Sanjay Popat, BSc, MBBS, FRCP, PhD, consultant medical oncologist, The Royal Marsden NHS Foundation Trust; professor, thoracic oncology, the Institute of Cancer Research, discusses data that have been reported with zongertinib (BI 1810631) in patients with HER2-mutated non–small cell lung cancer (NSCLC) and how these findings may affect clinical practice in the future.
Recent data with 2 leading HER2-targeted therapies for patients with HER2-mutated NSCLC highlight promising advancements in this treatment paradigm, Popat begins. One of the drugs, zongertinib, was evaluated in the phase 1 Beamion LUNG-1 trial (NCT04886804), whereas the second drug is earlier in development, he notes.

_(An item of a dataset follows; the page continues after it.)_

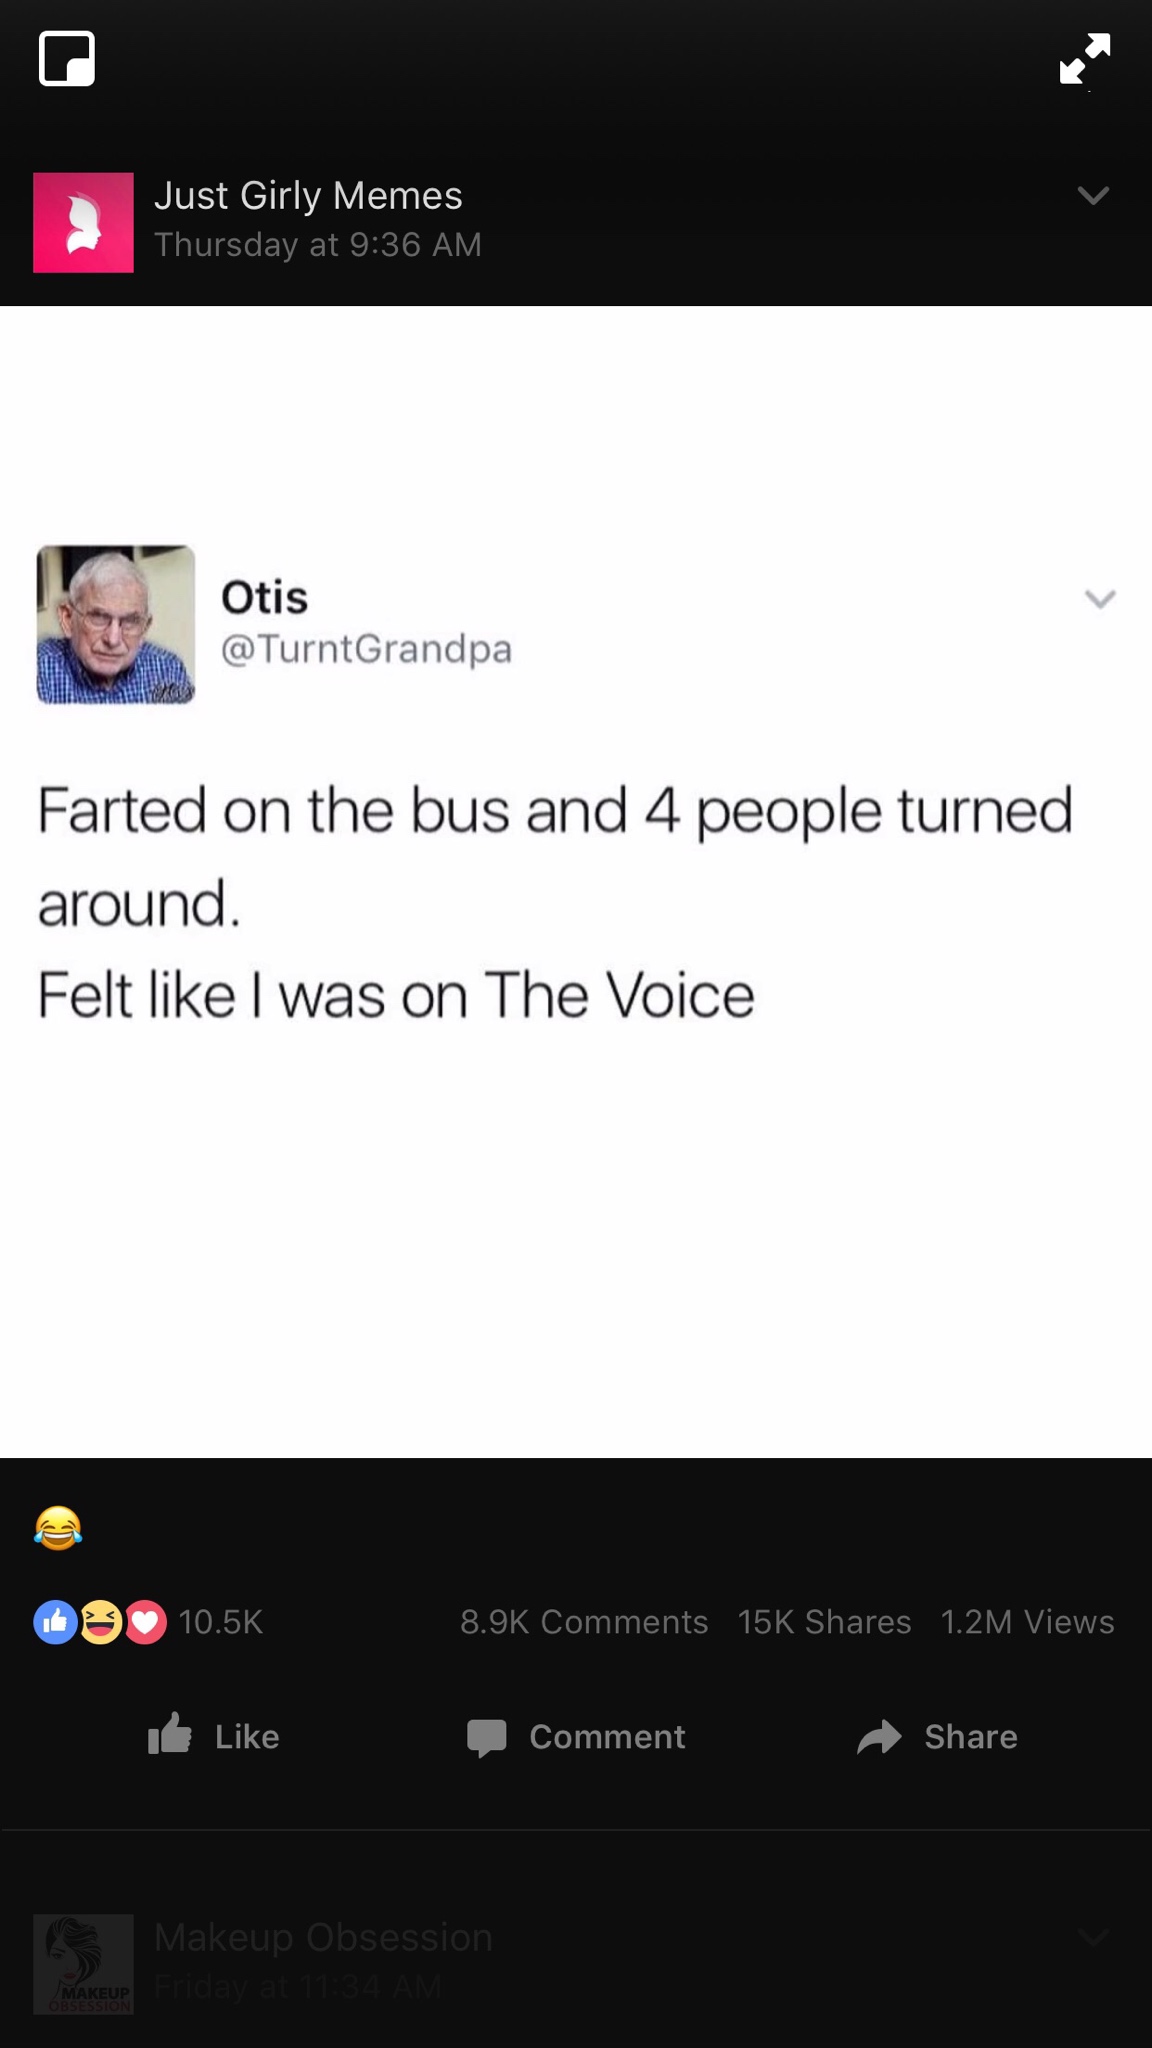 adam tots lips - Just Girly Memes Thursday at . Otis Farted on the bus and 4 people turned around. Felt I was on The Voice 8 15K 1.2M Views It Comment Makeup Obsession Makeup

Zongertinib has been studied extensively across several Beamion LUNG-1 analyses in patients with previously treated metastatic NSCLC, Popat says. In cohort 1 of the trial, patients with pretreated NSCLC harboring a HER2 TKD mutation were randomly assigned to receive zongertinib at 120 mg (n = 75) or 240 mg (n = 57) daily. The drug exhibited robust efficacy, with an overall response rate (ORR) of 71% (95% CI, 60%-80%; P less than .0001) among patients who received the agent at 120 mg, he explains. Notably, zongertinib is active against the YVMA insertion mutation within HER2 exon 20, which is the most common HER2 mutation in this setting, he emphasizes. HER2 mutations are relatively rare in NSCLC, and the YVMA insertion mutation presents a diagnostic challenge due to its variable nomenclature on mutation reports, he cautions. Furthermore, the agent demonstrated central nervous system activity among evaluable patients at the 120-mg dose (n = 27), generating an intracranial ORR of 33% (95% CI, 19%-52%).
The safety profile of zongertinib is favorable, he adds. In Beamion LUNG-1, 5% of patients required dose reductions. Since zongertinib was designed to target HER2, it has minimal off-target effects on EGFR, resulting in low rates of EGFR-associated toxicities like diarrhea and skin toxicity, Popat concludes.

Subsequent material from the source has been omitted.